[Date Prev][Date Next][Thread Prev][Thread Next][Date Index][Thread Index]

Re: [idn] Re: An idn protocol for consideration in making the requirements



Hi Dan,

While this is really out of topic for the moment, it is really pointless to
flame other people proposal because your own personal belief of "how things
must be done". To be more constructive and proactive, I would suggest you try
writing a proposal for IDN in UTF-8 instead.

In this way, the WG focus on discuss the merits of each proposal and not
spending its time shooting down proposals after proposals. It would be very
disappointed if the WG end up saying "all proposal are no go". :(

But before we go that far, I think we have some milestone we need to meet.
Lets stay on track. *cheers* :-)

-James Seng

Dan Oscarsson wrote:
> 
> >
> >At 02:01 PM 2/1/00 +0100, Dan Oscarsson wrote:
> >>I see it as very important that we do NOT allow the solution to
> >>be encoded in ASCII! It is time everybody learns to deal with the
> >>problems of having more then the ascii subset.
> >
> >Since we are discussing requirements, could you state your reason for this?
> >What is the strong advantage of having a non-ASCII *encoding* for
> >internationalized names on the wire as long as the rest of the requirements
> >are met?
> >
> >Personally, I believe that if we come up with a compatible encoding for the
> >full set of internationalized characters, the software industry will rush
> >to make input and display mechanisms for the encoding. The desire for
> >internationalization is just too strong for them to ignore it.
> 
> Just look at MIME in e-mail. There we got ASCII encoding of everything.
> quoted-printable, base64. After so many years with MIME many tools
> do still display the transport encoding and store e-mail in transport
> encoding instead of in a user friendly way. I still quite often have to
> read quotable-printable as software cannot handle internationalisation
> or localisation.
> 
> I also do not want every protocol to define their own encoding of
> non-ascii. E-mail using quoted-printable and any number of character
> sets. IMAP using UTF-7. DNS using some UTF-5 or other complex encoding.
> I want all protocols for transport to use the same encoding of
> international characters. Then I can reuse my software to encode/decode
> the transport format in all my programs.
> As of today I can see only one good choice that can be accepted by
> many people: UCS encoded using UTF-8. It is ascii compatible and fairely
> compact. To then encode UTF-8 into ascii so that no value over 127
> exists in a byte is a unnecessary waste of bandwidth and resources.
> To choose some format that encodes everything in a-z just so that people
> with software that can only display ascii is not a good reason.
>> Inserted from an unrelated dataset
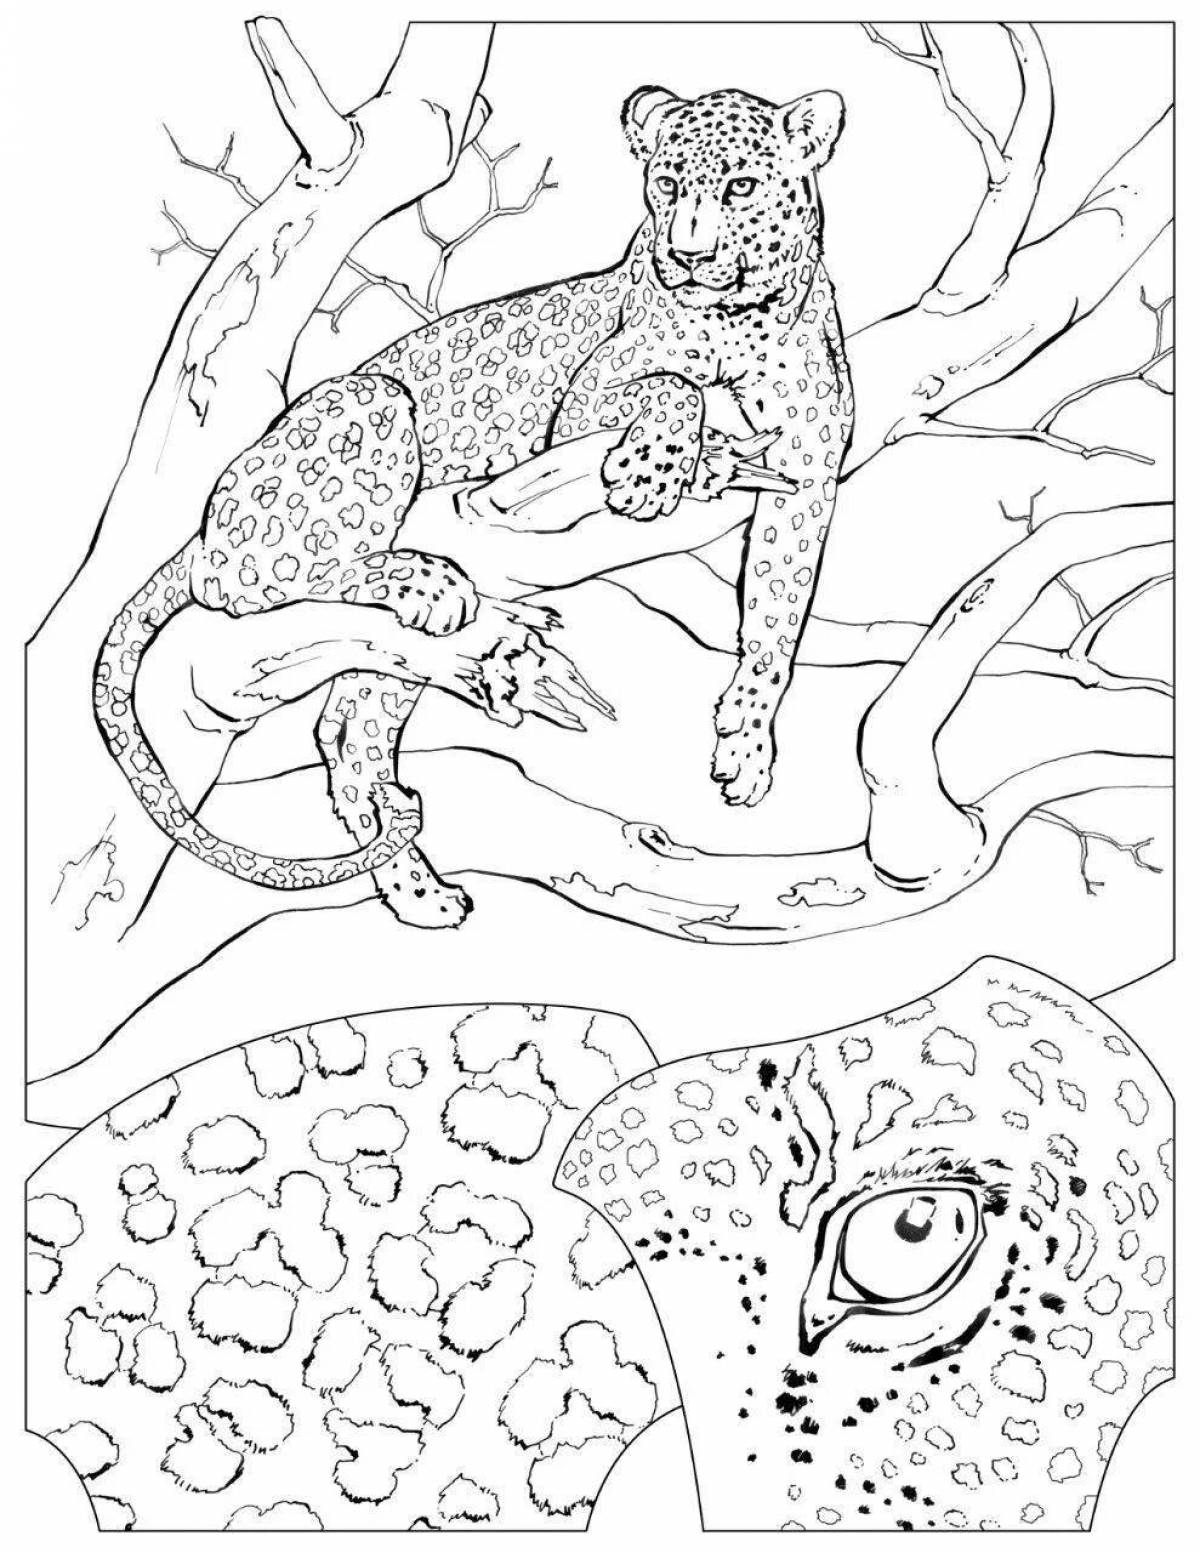 Amazing clouded leopard coloring page

Even
> they have to learn to handle at least 8-bit byte values.
> 
> I can easily make software the converts between my local character set
> and UCS normalised using form C encoded in UTF-8. But not to make
> software for all different encodings in all protocols.
> 
> >
> >>ASCII compatibility and backward compatibility is good, if it does
> >>not make things bad for everybody where ascii is not enough.
> >>It is better to break software and get them fixed instead of
> >>still trying to make everything to work in a world as it was
> >>at the dawn of the computer age.
> >
> >I fundamentally disagree with this last sentence for two reasons:
> >- You have not shown that you need to break software in order to fix the
> >problem of lack of internationalization
> >- It is never a good idea to break the existing base of software,
> >particularly when you are talking about breaking a wide variety of
> >protocols across many levels of the Internet architecture. You should only
> >do this when there is no other viable alternative.
> 
> OK. Break is maybe to hard word. What I want is not for software to
> break but the need to handle non-ascii be very apparent.
> 
> If we have host names encoded using UTF-8 and my software displays
> the name badly or disallows me to enter a non-ascii name - then I
> can easily complain to the software producer to fix it. If everything
> is encoded as ascii, the much software will not complain when non-ascii
> host names is used and it will take much longer before they get fixed.
> 
> Using UTF-8 everything will work as before while ascii only is used,
> but problems may occur when non-ascii is used. Fine, then we can quickly
> find what software needs fixing. If everything is encoded using
> ascii only code values, I am sure we 10 years from now will have lots
> of software handling only ascii where they should handle non-ascii.
> 
> For my needs I have better formats than UTF-8, but for the needs of
> the entire world UTF-8 is the best choice I can see now. It has
> ascii compatibiltity, fairely compact and can incoporate all characters
> in the world.
> 
> Let us make UCS normalised using form C encoded in UTF-8 the
> only recommended choice for interoperability!
> 
> Or do anyone have a better format?
> 
>    Dan